[meteorite-list] ASU Geologists Suggest Mars Features Are Result of Meteorite Strikes, Not of Evaporated Lakes

From: Ron Baalke <baalke_at_meteoritecentral.com>
Date: Thu Dec 22 12:50:55 2005
Message-ID: <200512221748.jBMHmnY00086_at_zagami.jpl.nasa.gov>

Public release date: 21-Dec-2005

Contact: Skip Derra
skip.derra_at_asu.edu
480-965-4823
Arizona State University

ASU geologists suggest Mars features are result of meteorite strikes,
not of evaporated lakes

Geologic features at the Opportunity landing site on Mars were formed
not by a lake that evaporated but by constant strikes from meteorites,
say two Arizona State University geologists.

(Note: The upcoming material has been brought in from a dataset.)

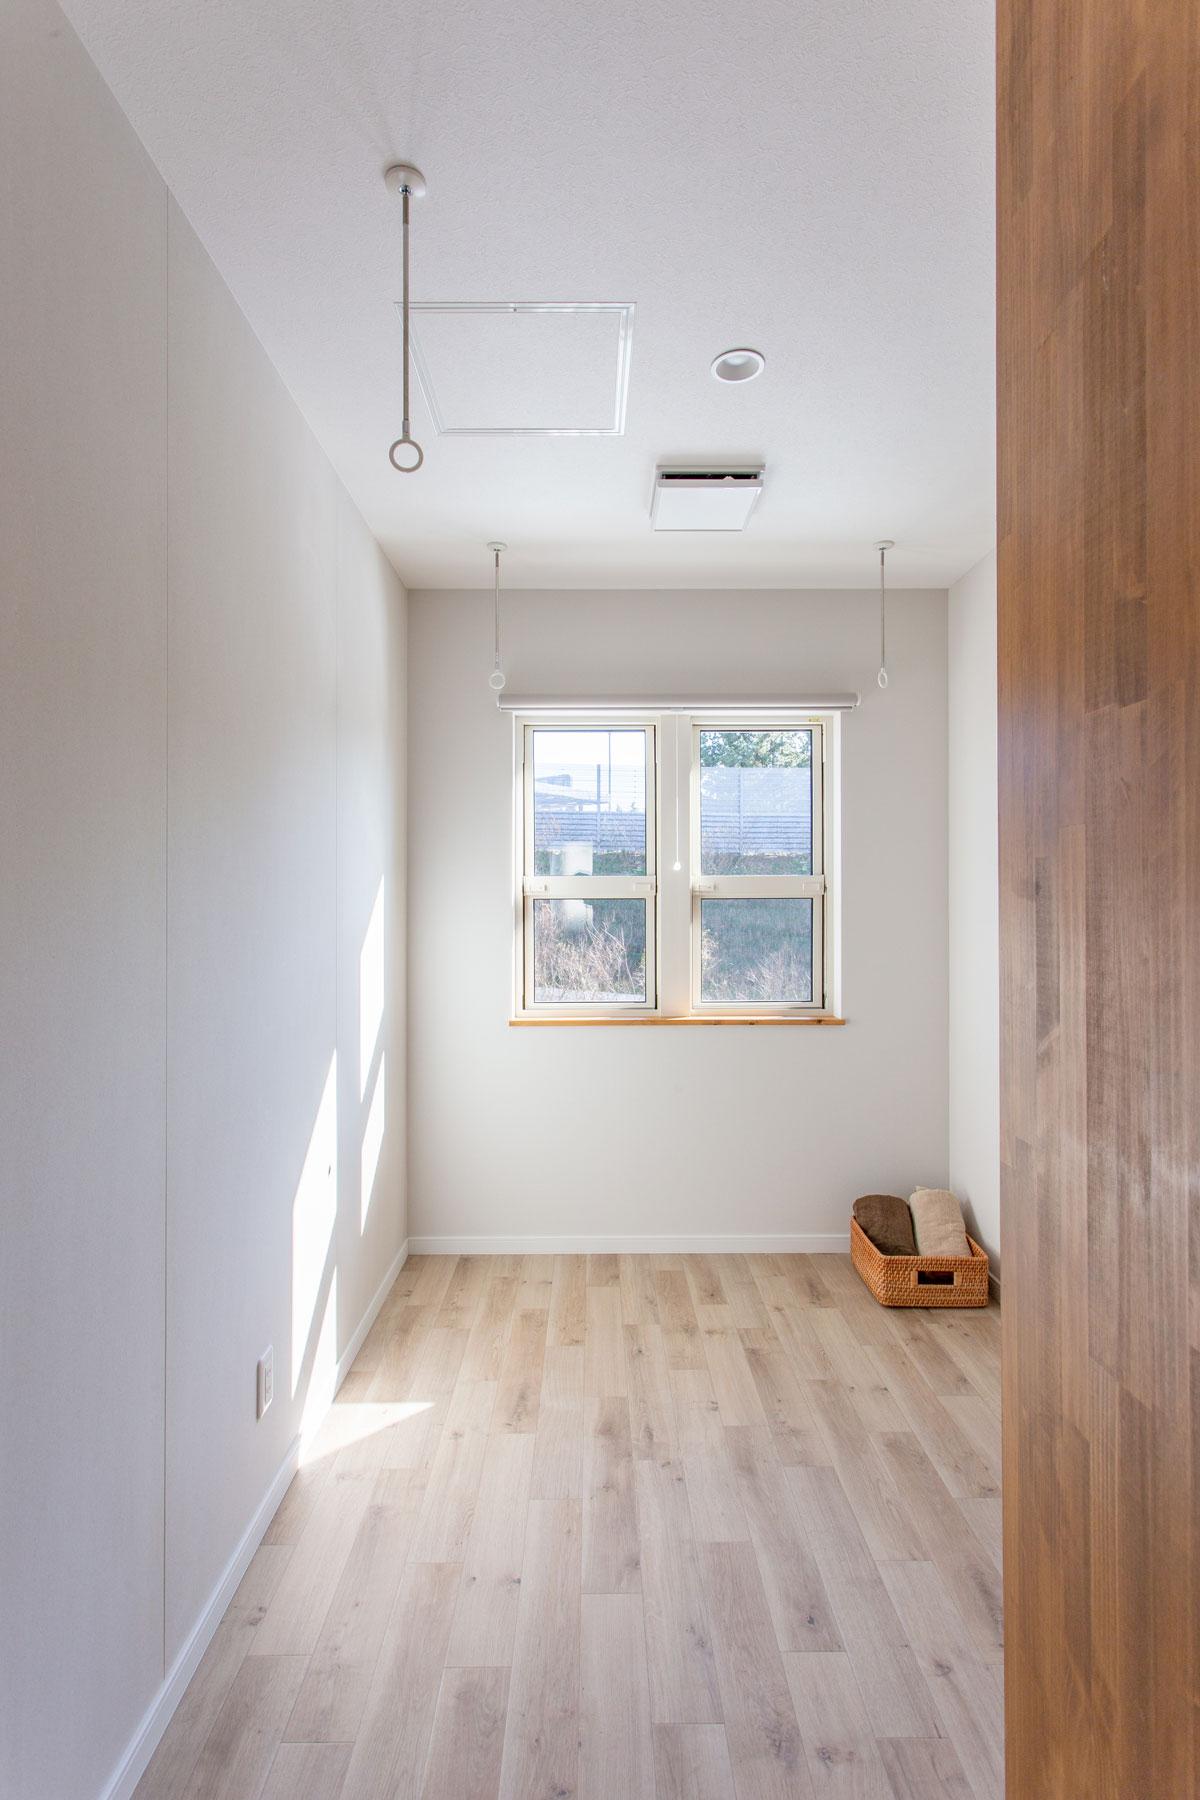 雨でも洗濯物を干せる室内物干しスペース
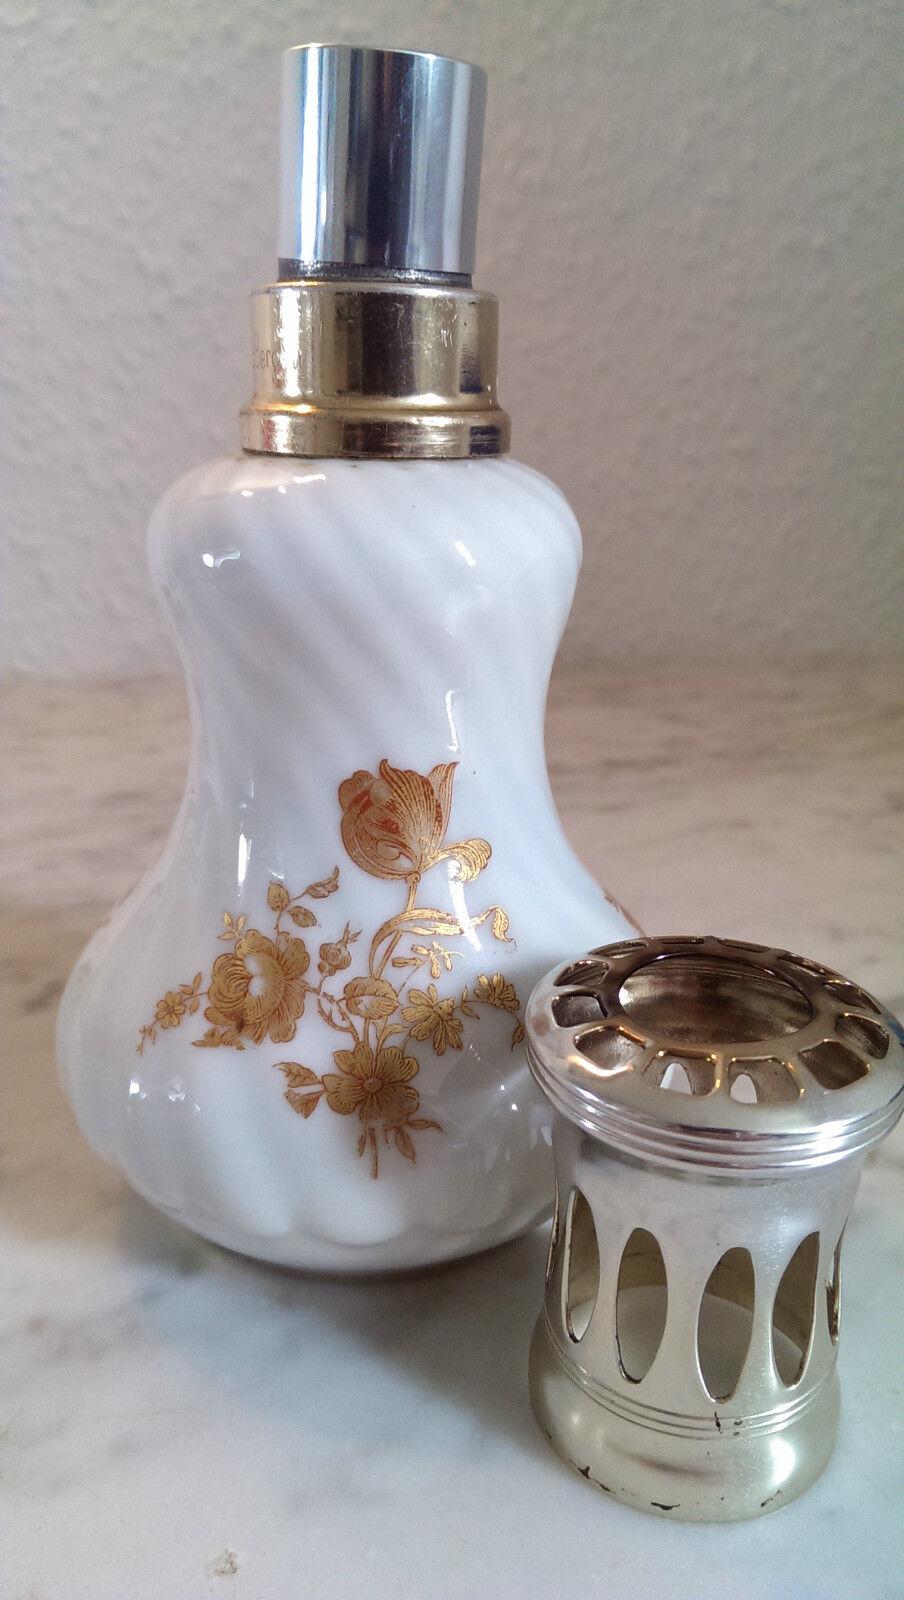 LAMPE BERGER Goldene Rosan weißes Porzellan PORCELAINE PORCELAINE PORCELAINE PILIVUYT G 2b93bb

The site where the Mars Exploration Rover Opportunity landed has
sediments and layered structures that are thought to be formed by the
evaporation of an acidic salty sea. The prevailing thought is that when
this Martian sea existed it may have supported life forms and thus would
be a prime site to explore for fossils.

However, ASU geologists L. Paul Knauth and Donald Burt, who along with
Kenneth Wohletz of Los Alamos National Laboratory, say that base surges
resulting from massive explosions caused by meteorite strikes offer a
simpler and more consistent explanation for the rock formations and
sediment layers found at the Opportunity site. The researchers published
their findings in the current issue of Nature.

The research could impact where and how scientists continue their
exploration of Mars in search for past life forms.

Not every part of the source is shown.